The Devil They Need
The Left's permanent enemy is not a flaw in its political program. It is the program.
Glenn Ellmers, writing at TomKlingenstein.com, has delivered a diagnosis worth sitting with. The American Left, having discarded God, nature, and tradition, installed in their place a new pantheon of demons: the fascist, the racist, the sexist. The perpetual discovery of these figures supplies the moral oxygen its adherents cannot live without. There can be no return to the old normal, Ellmers argues, because a substantial portion of the country has come to require permanent enemies the way earlier generations required communion. To surrender the demonology would be to stare into the emptiness that the post-Christian intellectual project opened beneath them.
The analysis is theological. The implications are institutional.
Ellmers draws on the Greeks: the chthonic deities, the Furies, the older and darker supernatural economy beneath the Olympian order. He is right that the Enlightenment’s rational society turned out to be a thinner broth than its engineers promised. Human beings require a transcendent frame. Deprived of one, they will manufacture one, and the substitutes tend to be cruder, more vindictive, and less forgiving than the creeds they replace.
What should give Lyceum readers pause is how thoroughly the manufactured creed has been operationalized. The Left’s Devil is not merely a figure of imagination haunting graduate seminars. He has been given an office, a budget, and a staff. Diversity, Equity, and Inclusion bureaucracies at universities, corporations, and federal agencies exist precisely to hunt him. “Disinformation” units inside partner government offices and private foundations exist to prosecute his speech. Accreditation bodies, human resources departments, and foundation-funded NGOs exist to identify his disciples and extract their confessions. Tax-exempt money from the Ford, Mellon, and Open Society foundations does not merely fund art exhibits and fellowships. It funds the institutional apparatus of exorcism.
A political theology that required only private devotion would be harmless.
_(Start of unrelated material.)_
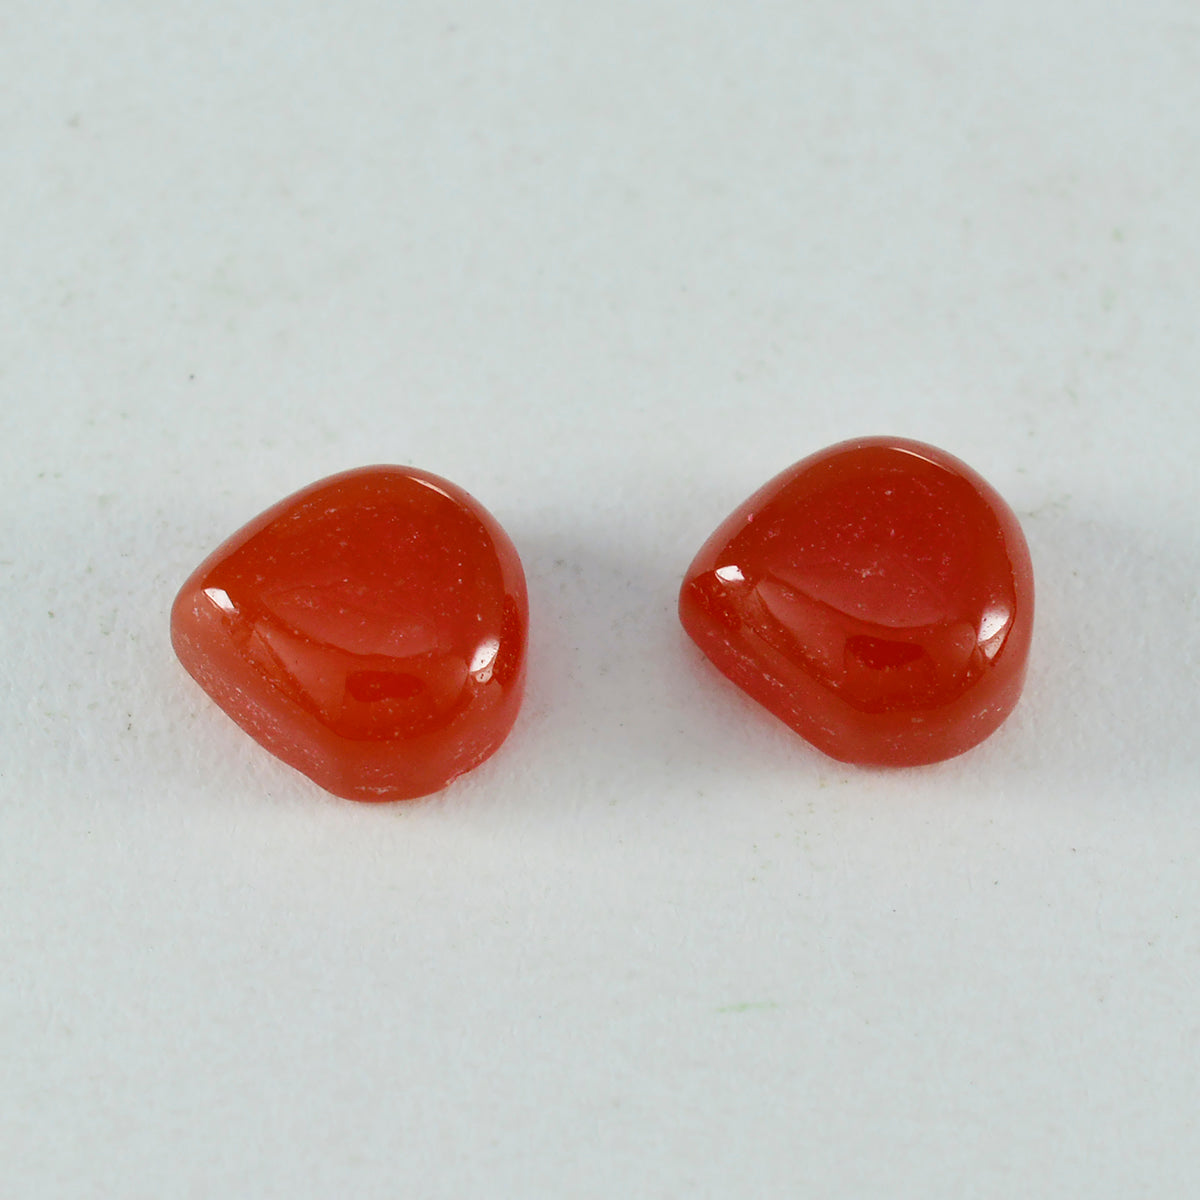 riyogems 1 шт. красный оникс кабошон 13x13 мм в форме сердца удивительного качества, свободный драгоценный камень

A political theology underwritten by tax-exempt endowments, enforced through hiring decisions, lending decisions, and professional licensure, is something else. It is a regime.
Historical comparison helps. The Puritan divines of the 17th century at least had the candor to name the sin and hold the trial in public. The Soviet diagnosis of “wrecking” and “counter-revolutionary sentiment” required party cadres willing to acknowledge that the category existed for a reason. Our present inquisition demands neither candor nor courage. Its priests, clothed in the dull vocabulary of compliance, insist that they are merely administering neutral principles. The Devil must be found; the search must be endless; the accuser may never be questioned. All of this is framed as housekeeping.
The practical consequences are visible in the lives of ordinary Americans. A loan officer who declines to fund a domestic energy project for reasons that have nothing to do with credit risk. A school board that replaces literature with struggle sessions and then charges the complaining parent with extremism. A medical board that strips a physician’s license for noticing something the consensus has decided may not be noticed. Each of these is a small exorcism. Each produces a small pool of the excommunicated. The cumulative effect is a civilization in which the most productive citizens discover that their livelihoods depend on ritual agreement with claims they know to be false.
Ellmers closes with the observation that the first step in confronting a problem is to understand it. That is correct, and his essay is a contribution. Understanding alone, however, will not unseat a theology backed by permanent funding and institutional enforcement. What is required next is the political work of defunding the temples, dismantling the priesthood, and restoring the civic frame that the Enlightenment inherited from Christianity and then imagined it could do without. That work is neither ritual purification nor counter-demonology. It is, simply, the patient reconstruction of a republic.